Tuesday, November 12, 2019
A Louisiana Hearing Committee recommends a public reprimand of an attorney
You, IKE SPEARS, Louisiana Bar Roll Number 17811, are a fifty-seven-year-old Louisiana licensed attorney, admitted to the practice of law in Louisiana on October 10, 1986, after graduating from Tulane Law School. You do not have a prior disciplinary record.
You represented Ron Edwards in a criminal matter entitled State of Louisiana us. Ron Edwards. Iain Dover was the ADA representing the State of Louisiana. Judge Robin Pittman of the Criminal District Court for the Parish of Orleans presided over the case.
During a court appearance on August 20, 2018, you and Mr. Dover engaged in an inappropriate verbal exchange in open court. After several exchanges, you threatened to "punch the shit out of" Mr. Dover. The transcript reflects that you then raised a fist toward Mr. Dover, and Mr. Dover responded by raising his arm in a blocking motion. You stated that you "can settle this outside the courtroom." Judge Pittman then called both you and Mr. Dover into her chambers, after which, you each apologized for your conduct.
On May 6, 2019, the Louisiana Supreme Court sanctioned Mr. Dover with a public reprimand for his conduct in this encounter.
There is clear and convincing evidence you have knowingly and intentionally violated Rules 3.5(d) and 8.4(d) of the Rules of Professional Conduct.
During argument on the State’s motion, Respondent stated to the Judge that the victim, Mr. Edwards’ girlfriend, had on a prior occasion brought false charges against Mr. Edwards and ultimately pled guilty to filing a false police report. In response to Respondent’s statement about the victim, Mr. Dover stated:
Excuse me, sir. You’re a liar.
Mr. Spears responded:
And I will punch the shit out of you if you call me a liar, again.
Mr. Dover doubled down, after being challenged by Respondent to call me a liar again,
At this point in the transcript of the August 20, 2018 hearing, the court reporter wrote:
(Raises fist up to Mr. Dover)
(Raises arm up in a blocking motion)
Finally, Respondent stated:
…but perhaps we can settle this outside the courtroom.
The record reflects that Judge Pittman called each into her chambers, separately, for a brief discussion, and, after returning to the courtroom, both Respondent and Mr. Dover apologized for their conduct. Judge Pittman then concluded the hearing without further difficulty.
The raised fist was disputed
Mr. Dover testified that Mr. Spears did in fact raise his fist and that he, Dover, was afraid that Respondent was about to hit him. He acknowledged calling Respondent a liar in open court, that such an accusation was improper and that he was disciplined by his employer for doing so.
Judge Pittman testified that she recalled Mr. Spears’ arm going up, but could not recall if he made a fist or not. She did recall Mr. Dover putting his arm up in a blocking motion. She did not hold either in contempt, and both apologized to her.

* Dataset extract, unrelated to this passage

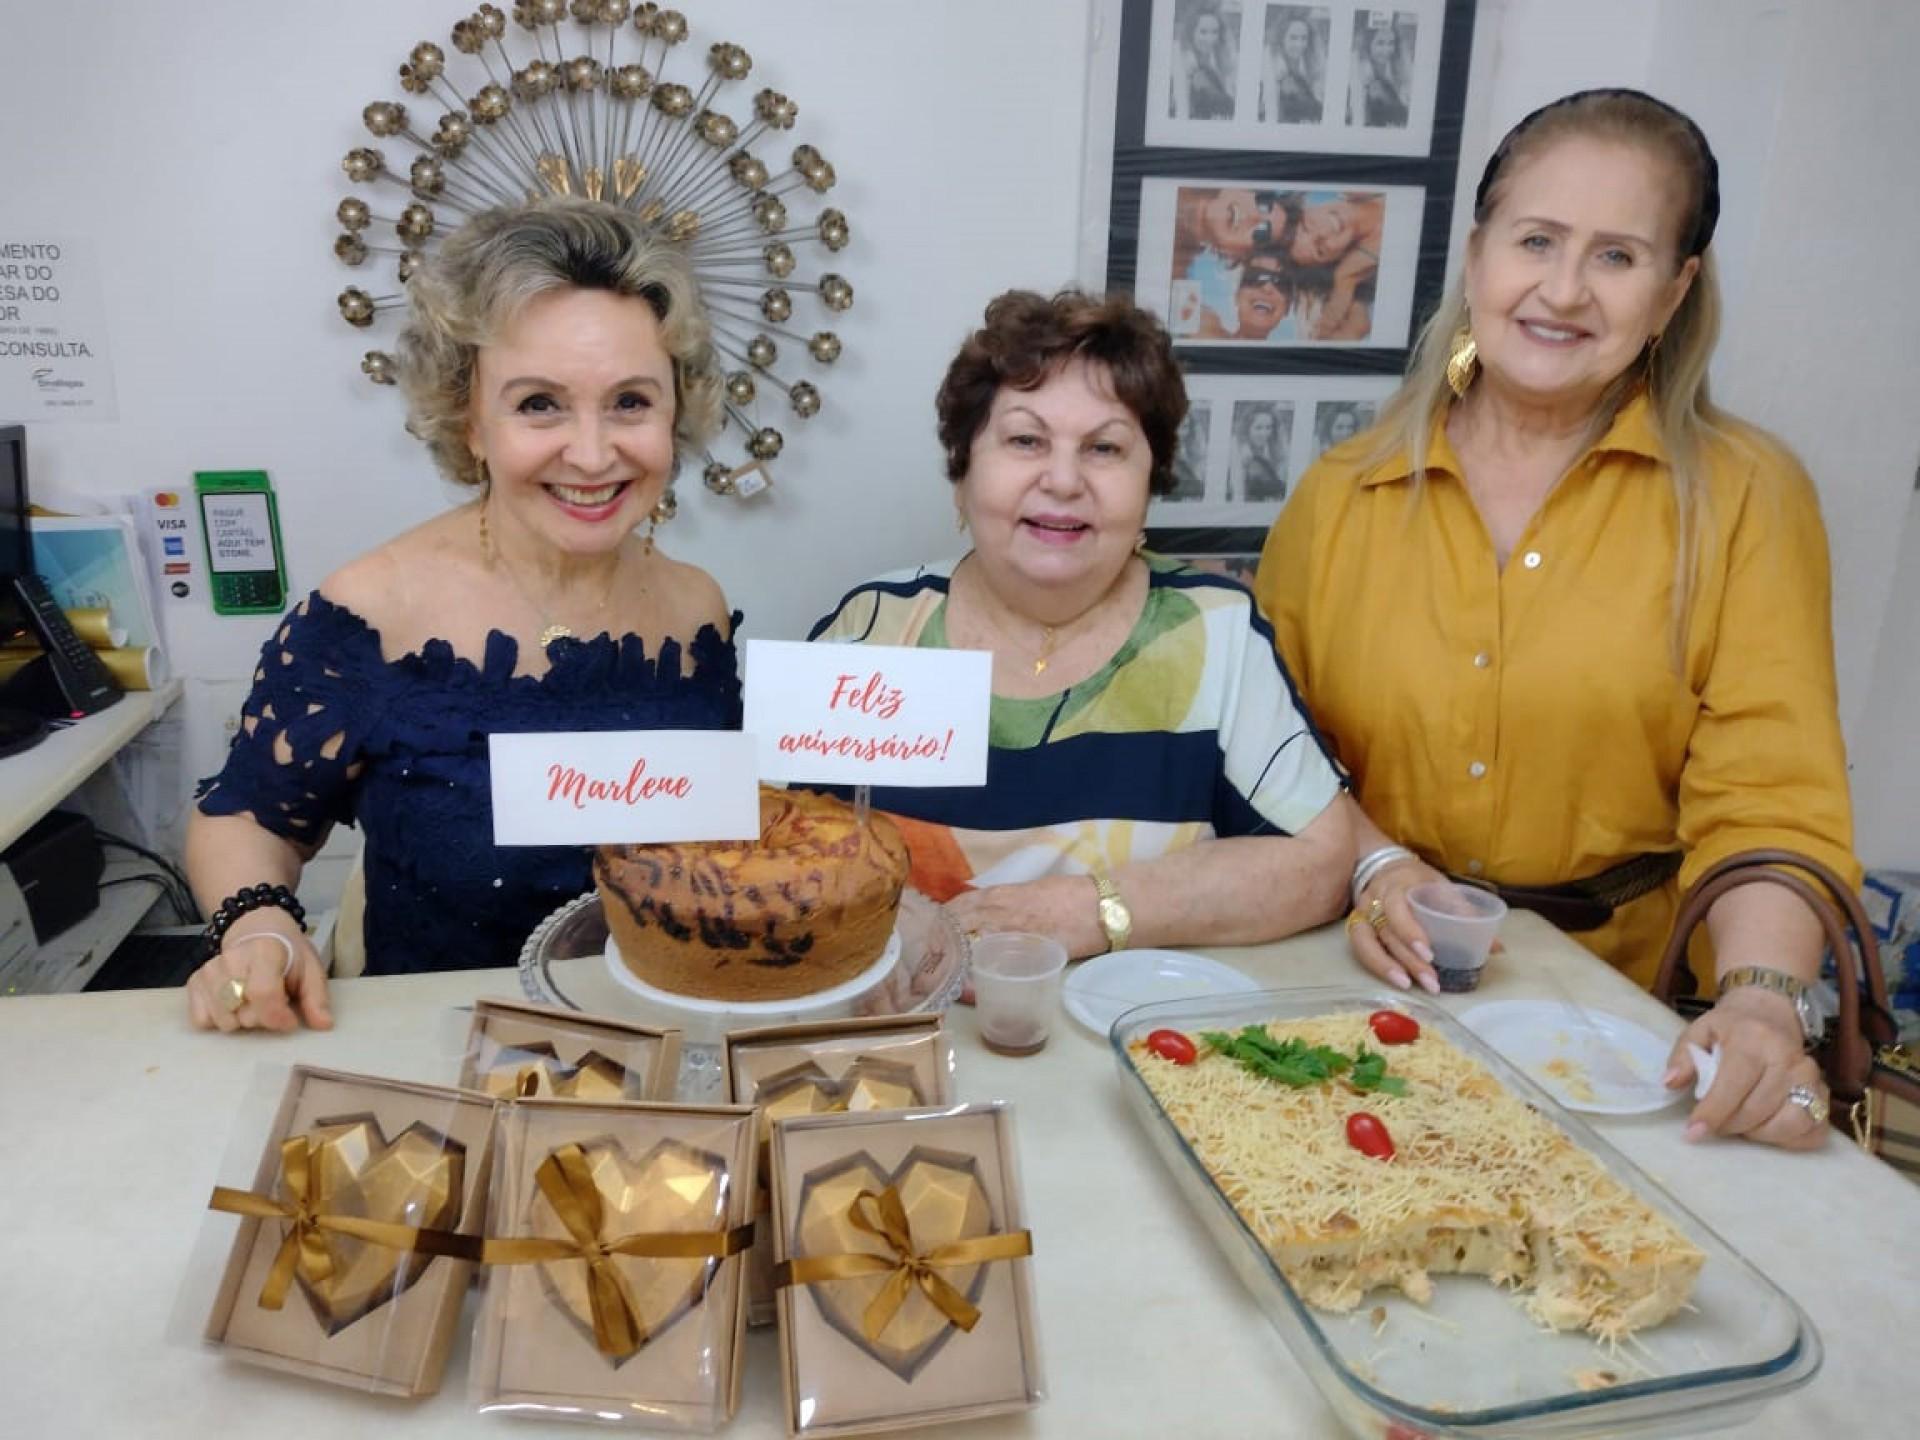 Marlene Daher, na foto com as amigas Maria Vanda Sá e Regina Fiúza Ximenes, ganhou das duas festejos pela sua troca de idade, na loja de presentes de Maria Vanda. Tudo com as cores do carinho

The incident lasted only a minute or two, and, at most, she spent “less than 10 minutes” talking to both of them in chambers.
Common sense dictates that an attorney must know that his actions will disrupt the court if he, during the course of a hearing or trial, threatens to “punch the shit” out of opposing counsel, even if arguably he was provoked by opposing counsel. To hold otherwise would provide an excuse to any attorney engaging in such behavior by simply saying, in effect, “I did it, I know it was wrong, but I didn’t intend to do it”.
Respondent’s conduct, as was Mr. Dover’s, was prejudicial to the administration of justice. It caused a delay, although minimal, in Judge Pittman’s docket. Perhaps more importantly, the conduct occurred in an open hearing, with the public present.